Race 35k – Time 2:12:57 – Diff 18:48 – Pace 6:03/mile, 3:46/km I rip off a 5:55 19th mile without digging too deep, passing many runners and my confidence returns. But am I starting the kick too early? Any faster now and I may jeopardize the finish. I try to push slightly faster than 6:00/mile pace, but we are now heading back towards the Tower Bridge and the headwind is catching me at times. There are no runners to tail because most are going slower than me. I conserved energy while they went out too fast and now they are paying a heavy price. I see a lot of runners in agony and some even dropping out or moving off to the side of the road. As I pass the 20 mile mark with a 6:05/mile goal pace split I consume the fifth and final gel from my belt. I feel confident that I have fueled and hydrated properly during the race so far. Now it comes down to a final 10k where the real race begins. I start my kick gently and hit the next mile in 5:59. Not exactly as fast as I wanted to go, but it may be good enough. I pass through the 35k mark and notice that I am a few seconds faster than 2 hours and 13 minutes, the pace I needed to be on track for a 2:40 marathon. I still have energy reserves and I have not hit a wall yet. I notice so many people are cheering for my UK running club Serpentine as I run by. I acknowledge their support as best as I can without using too much energy. Race 40k – Time 2:31:42 – Diff 18:45 – Pace 6:02/mile, 3:45/km I hit another mile split at 5:57. This gives me confidence that I am actually slightly ahead of pace now. I am starting to lose energy though, and I drink the sports drink Lucozade offered on the course. I know my friend Andi and his fiancé will be spectating around mile 22.5 and I hope to see them. Within a few seconds of thinking this, I see Andi waving and cheering my name loudly in front of me on my right. I wave to him as best as I can with my right hand and smile. The crowd is so loud. I am struggling to hold pace now, but I am invigorated from seeing my friend on the course. I am trying desperately to hold on to the pace and I run two consecutive 6:08
miles. Just before I run over the 40k mats I see that I am 18 seconds ahead of the needed 2 hours 32 minutes pace. This is a huge confidence boost. I can do this! Race Finish Time 2:39:57 – Diff 8:15 – Pace 6:03/mile, 3:46/km
My Garmin shows a 6:00 split for mile 25. I see the London Eye to my left across the Thames River. I remember reading tips on the London Marathon that said when you see the London Eye to your left you will know you are only a little over a mile away. All I need to do is hold onto a 6:00/mile pace the remainder of the way and it is mission accomplished. But I am really struggling now. My heart rate is soaring from near 160 in the first half to the mid 160’s later and to now over 170. I am starting to feel my breathing go out of control. I have a cramp developing in my right chest muscle and on the lower right side of my abdominals. This isn’t good. I see a sign showing 600 meters to go. I am not sure that I can pull this off. I feel myself slowing and I have anxiety now about where my time stands. Further ahead of me a sign shows 400 meters to go.
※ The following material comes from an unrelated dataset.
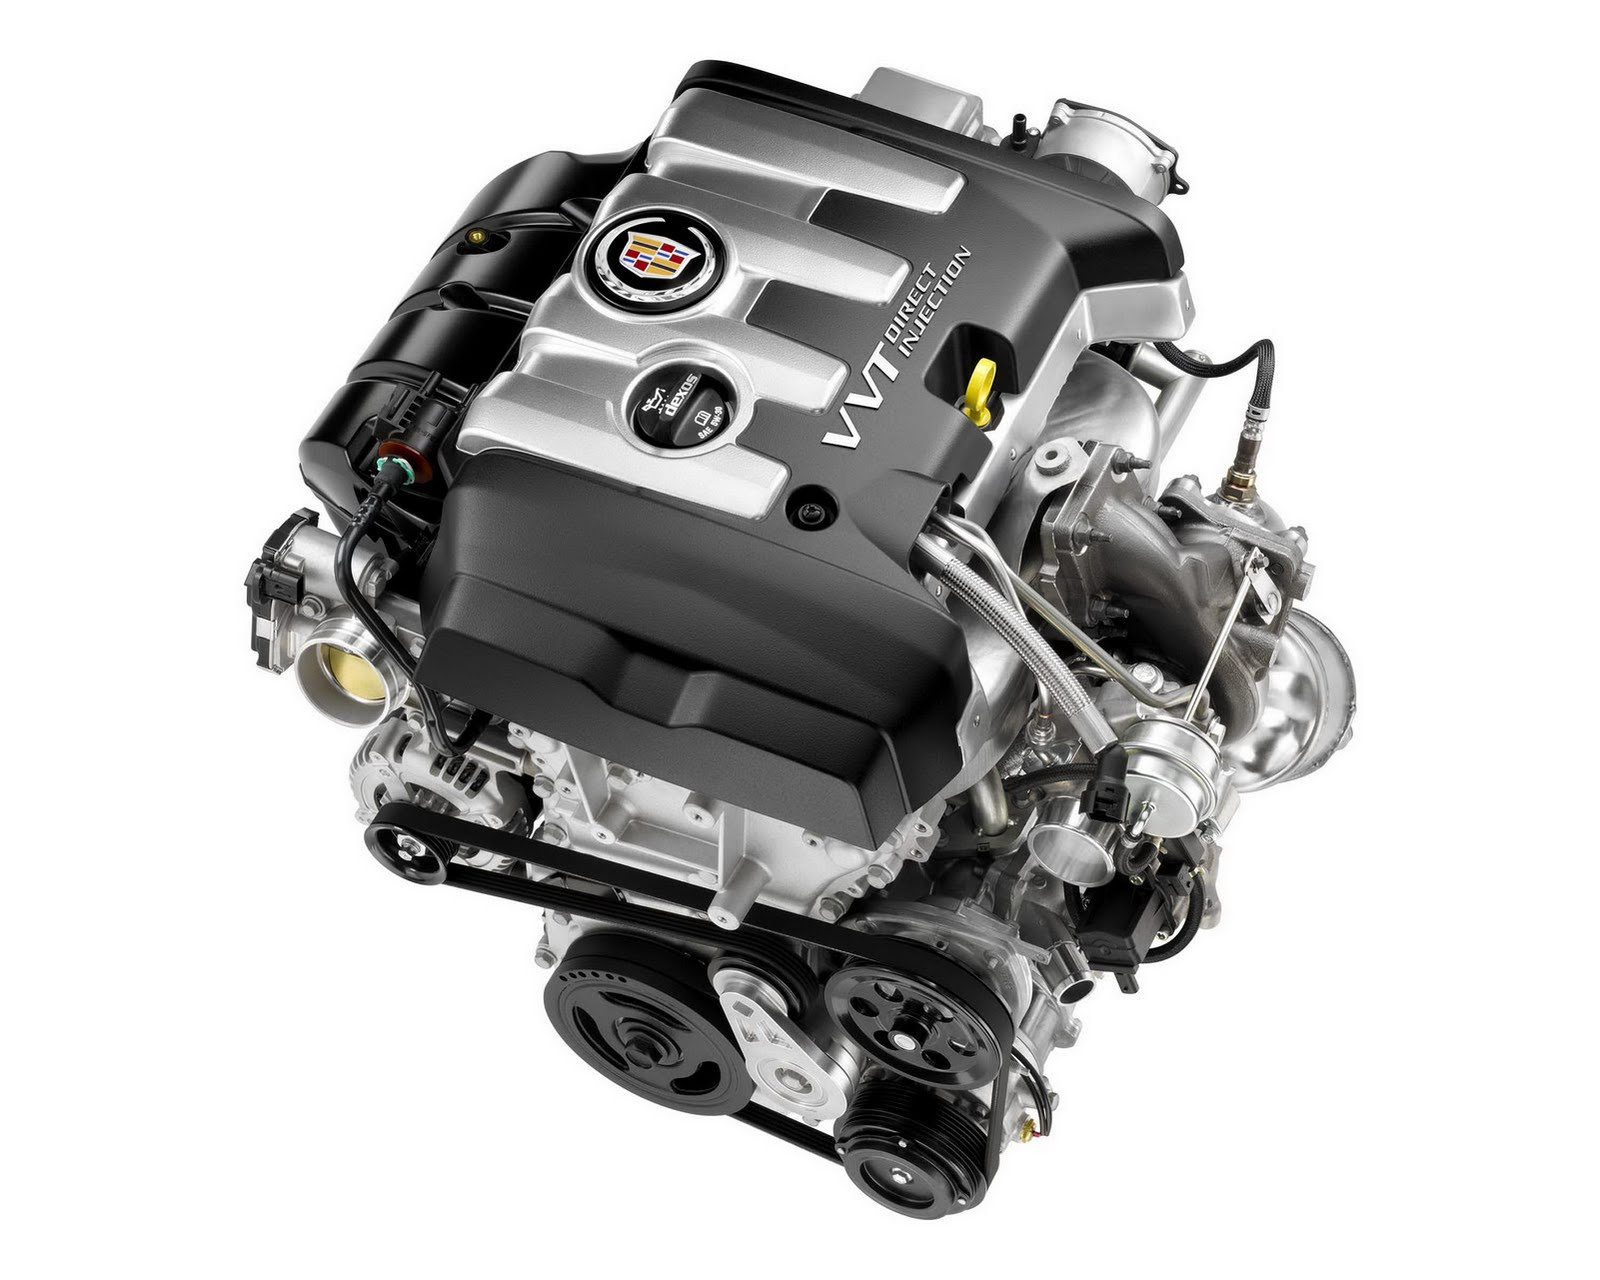 2013 Cadillac Ats 2 0 L Turbo >> 2013 Cadillac ATS Engines: 270 HP 2.0L Turbo, 2.5L and 3.6L V6 - autoevolution

I see on the clock there is approximately 1 minute and 27 seconds between me and a sub 2:40 marathon as I pass by it. I know at this point I must sprint the remaining 400 meters or fail. A “Pain is temporary” quote from the Nark Running Strategies Facebook group just popped into my head. I feel like there is somebody sticking me with a dagger in the right side of my chest and right abdominals. My breathing is completely out of control. I turn a right corner for the final straightaway. The crowd support is epic. I can hear the cheers and yelling but my vision is blurry except for the big red finish line in front of me. I run full speed across the finish line mats in relief and immediately stop my watch. My breathing is still out of control, but I am done now, finally. A few seconds pass. I look down at my watch with anticipation. Did I do it? 2:39:58. Marathon staff personnel are tending to ailing and fatigued runners who just crossed the finish line. I let out a loud “Yes!” three times. Many workers and runners look back at me and smile. By running the final 400 meters at a 5:26/mile pace, I finally achieved my goal of a sub 2:40 marathon. And Mat Nark had me trained and coached perfectly to sprint at the end when I needed to the most.